OBOT_GCP_KMS_KEY_URI: "projects/<your project>/locations/<your location>/keyRings/<your key ring>/cryptoKeys/<your key>"
# database configuration for external db
OBOT_SERVER_DSN: "postgresql://<db user>:<db password>@<db host>:<db port>/<db name>?sslmode=<ssl mode>"
# Enable authentication
OBOT_SERVER_ENABLE_AUTHENTICATION: true
OBOT_BOOTSTRAP_TOKEN: "<bootstrap password>"
# Optionally Preseed admin and owner users
OBOT_SERVER_AUTH_ADMIN_EMAILS: "<comma separated list of admin emails>"
OBOT_SERVER_AUTH_OWNER_EMAILS: "<comma separated list of owner emails>"
# Configure GCS for workspace storage
# Set to s3 and use the s3 compatible settings below
OBOT_WORKSPACE_PROVIDER_TYPE: "s3"
WORKSPACE_PROVIDER_S3_BASE_ENDPOINT: "https://storage.googleapis.com"

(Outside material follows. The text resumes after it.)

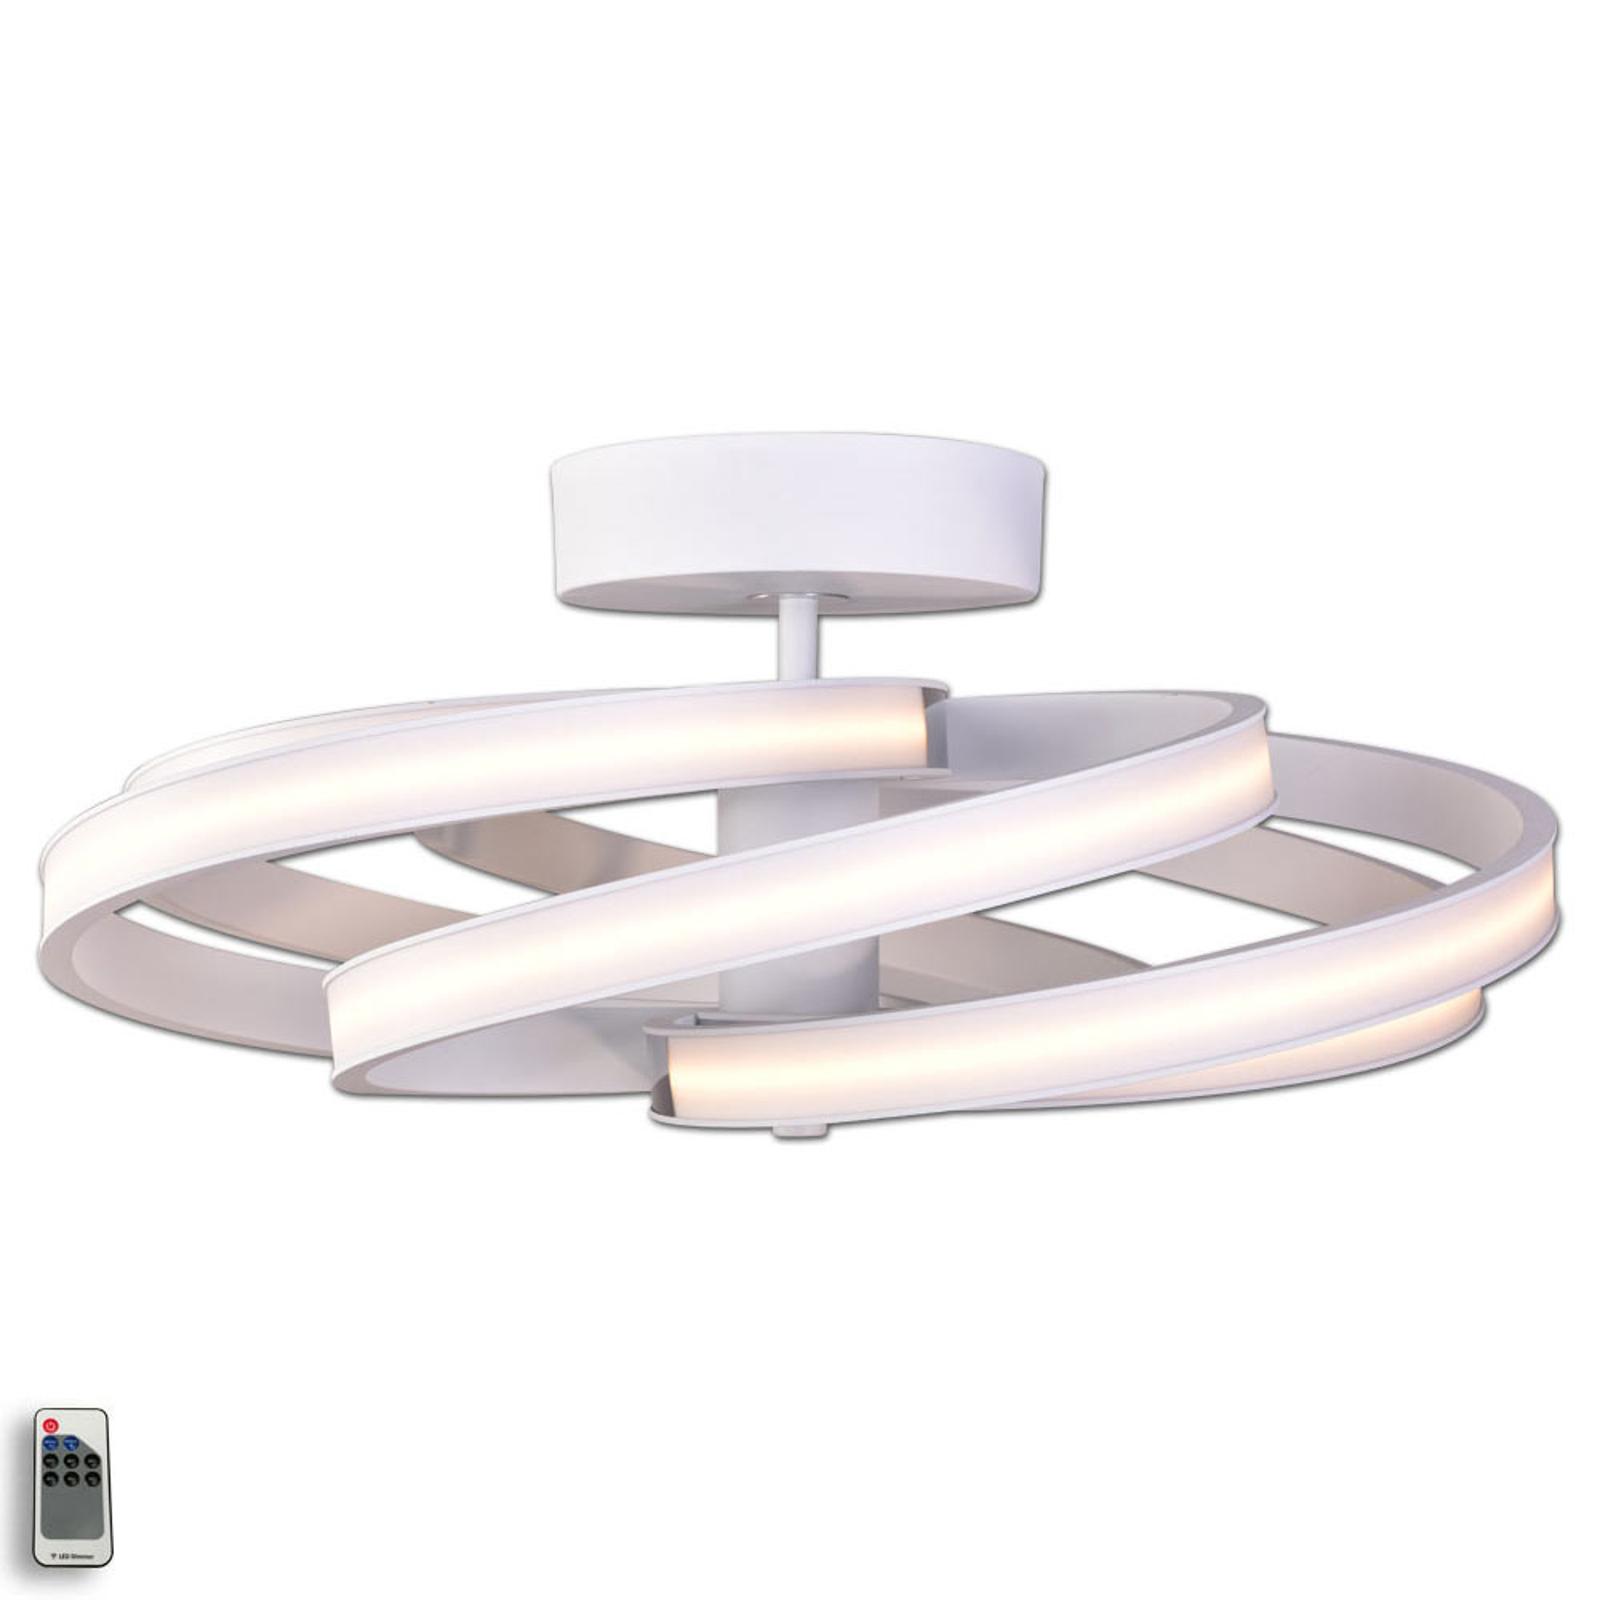 Zoya - moderne LED-Deckenleuchte, weiß

WORKSPACE_PROVIDER_S3_BUCKET: "<your bucket name>"
AWS_REGION: "auto"
AWS_ACCESS_KEY_ID: "<your google api key id>"
AWS_SECRET_ACCESS_KEY: "<your google api key secret>"
# Optionally configure model providers
OPENAI_API_KEY: "<your openai api key>"
With the default configuration on GKE, this will set up ingress to expose Obot through a load balancer. You should also consider adding TLS termination to your load balancer for secure HTTPS access.